Des critiques, chercheurs et artistes venus de divers horizons ont examiné, vendredi soir, la notion d’«institution artistique» et la multiplicité de ses fonctions à travers les âges, au cours d’un colloque tenu dans le cadre de la 46ᵉ édition du Moussem culturel international d’Assilah (Fondation du Forum d’Assilah, FFA).
Placée sous le thème «L’institution artistique, le concept et la réalisation», cette rencontre a réuni des voix éminentes du monde de l’art, venues débattre du rôle des structures culturelles – musées, galeries, résidences, instituts, ministères ou producteurs – dans la reconnaissance et la diffusion de la création. Le secrétaire général de la Fondation du Forum d’Assilah, Hatim Betioui, a affirmé que «l’art contemporain, par ses transformations successives, reflète les tensions, les désirs et les contradictions de la société», avant d’ajouter que les institutions artistiques se sont affirmées comme «des appuis essentiels à la vitalité des expressions contemporaines, en accueillant les expériences qui défient les cadres établis».
Selon lui, ces institutions contribuent à la fois à l’économie de l’art et à son esthétique, en offrant aux créateurs des espaces d’expérimentation, de dialogue et d’exposition qui favorisent la circulation des idées et la rencontre des imaginaires.
L’art à l’ère de la marchandisation culturelle
L’écrivain et critique d’art libanais Issa Makhlouf a, pour sa part, observé que la relation entre l’institution artistique et l’œuvre a connu une «mutation radicale» au cours de l’époque moderne, marquée par la mondialisation et l’entrée des capitaux dans les industries culturelles. Il a soutenu que «la création est devenue une marchandise, partie intégrante de l’économie, soumise aux lois du marché et aux logiques d’investissement».
Dans le même esprit, l’écrivain et chercheur marocain Driss Ksikes a rappelé l’émergence, au début du XXᵉ siècle, du concept d’«industrie culturelle», alors que les États consacraient d’importants budgets à la production symbolique. Il a relevé que la culture, longtemps perçue comme héritage ou expression anthropologique, doit désormais être envisagée comme un champ économique structuré par des politiques de gestion et de diffusion.

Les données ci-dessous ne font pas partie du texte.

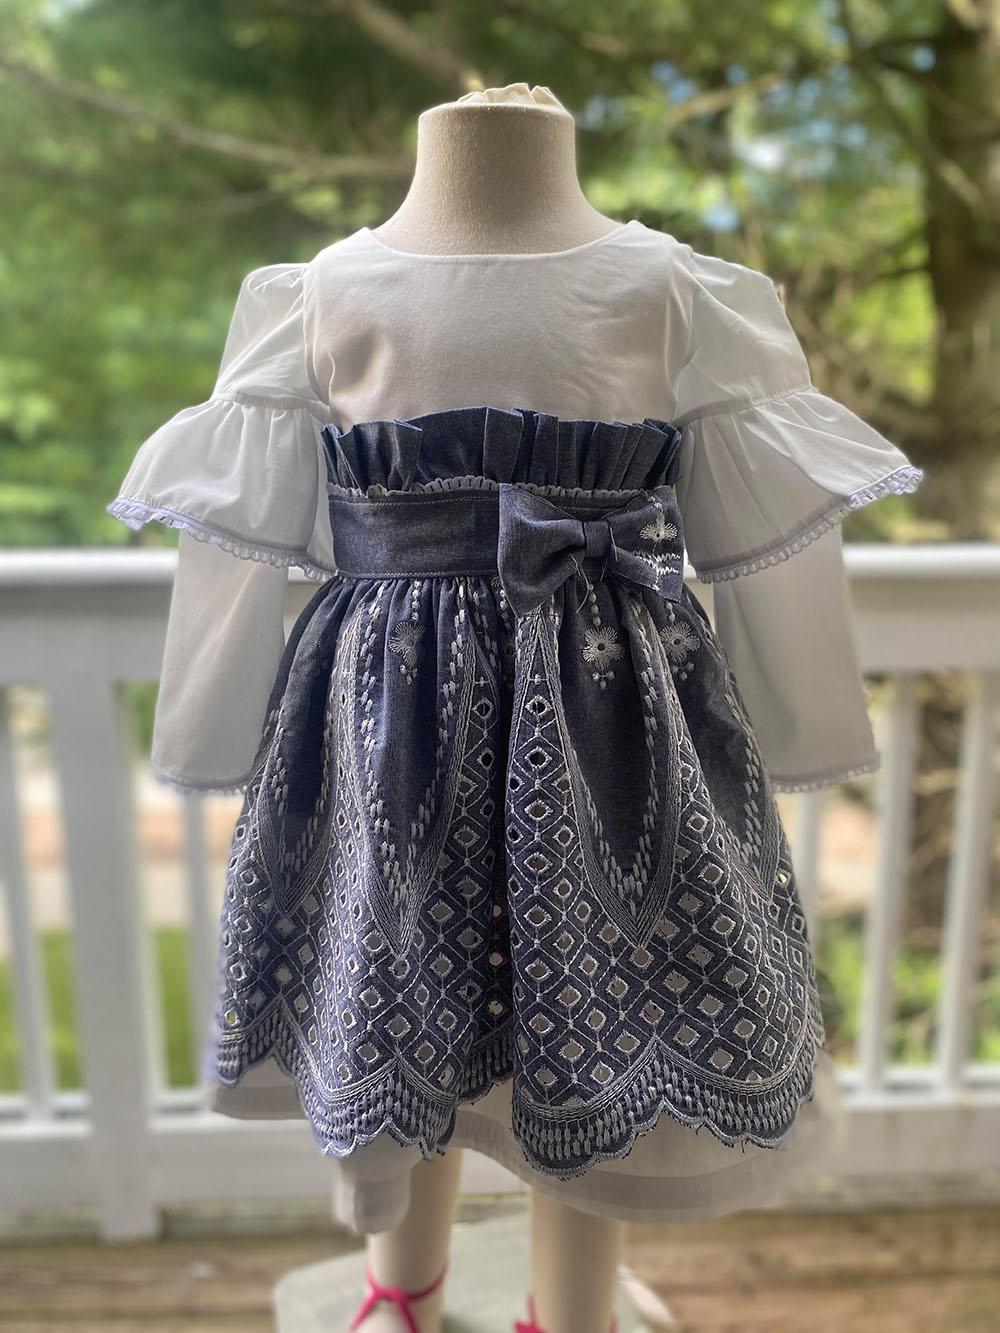 Esperanza's Ruffle Easter Dress Sizes 2T to 14 Kids PDF Pattern

Du langage à la réception : les médiations de la création
L’universitaire et artiste plasticien tunisien Khelil Gouia a replacé la question dans une perspective ontologique, en affirmant que «la première institution de la création est la langue, suivie par l’État, puis par le récepteur». Il a souligné l’existence d’un «passage ontologique entre l’acte individuel de création et la présentation publique de l’œuvre» – qu’il s’agisse du cinéma, des galeries ou des espaces d’exposition. Selon lui, «l’œuvre n’acquiert sa pleine dimension artistique qu’à travers sa rencontre avec le public, ce qui suppose l’existence d’une institution, quelle qu’elle soit, pour rendre ce passage possible».
Le Maroc et la structuration du savoir artistique
La commissaire d’exposition Salima El Aissaoui a, de son côté, retracé l’histoire des institutions culturelles marocaines, en mettant en exergue le rôle du Musée Mohammed VI d’art moderne et contemporain (MMVI) dans la constitution d’un savoir sur l’art national. Elle a estimé que «le MMVI constitue un véritable laboratoire de recherche et d’interprétation des expressions modernes marocaines, tout en ouvrant de nouvelles perspectives à la pluralité créative».
Les autres intervenants ont souligné que les institutions artistiques favorisent la recherche critique, éduquent le regard du public et tissent un lien organique entre la société et l’art, en faisant de celui-ci un acteur à part entière de la production de sens. Ils ont enfin salué leur contribution à l’équité culturelle, en conférant à la création une dimension universelle et polymorphe.
Cette session d’automne du Moussem a également donné lieu à plusieurs colloques consacrés aux rapports entre art et technique, dont une conférence intitulée «L’art et le pouvoir de la technique».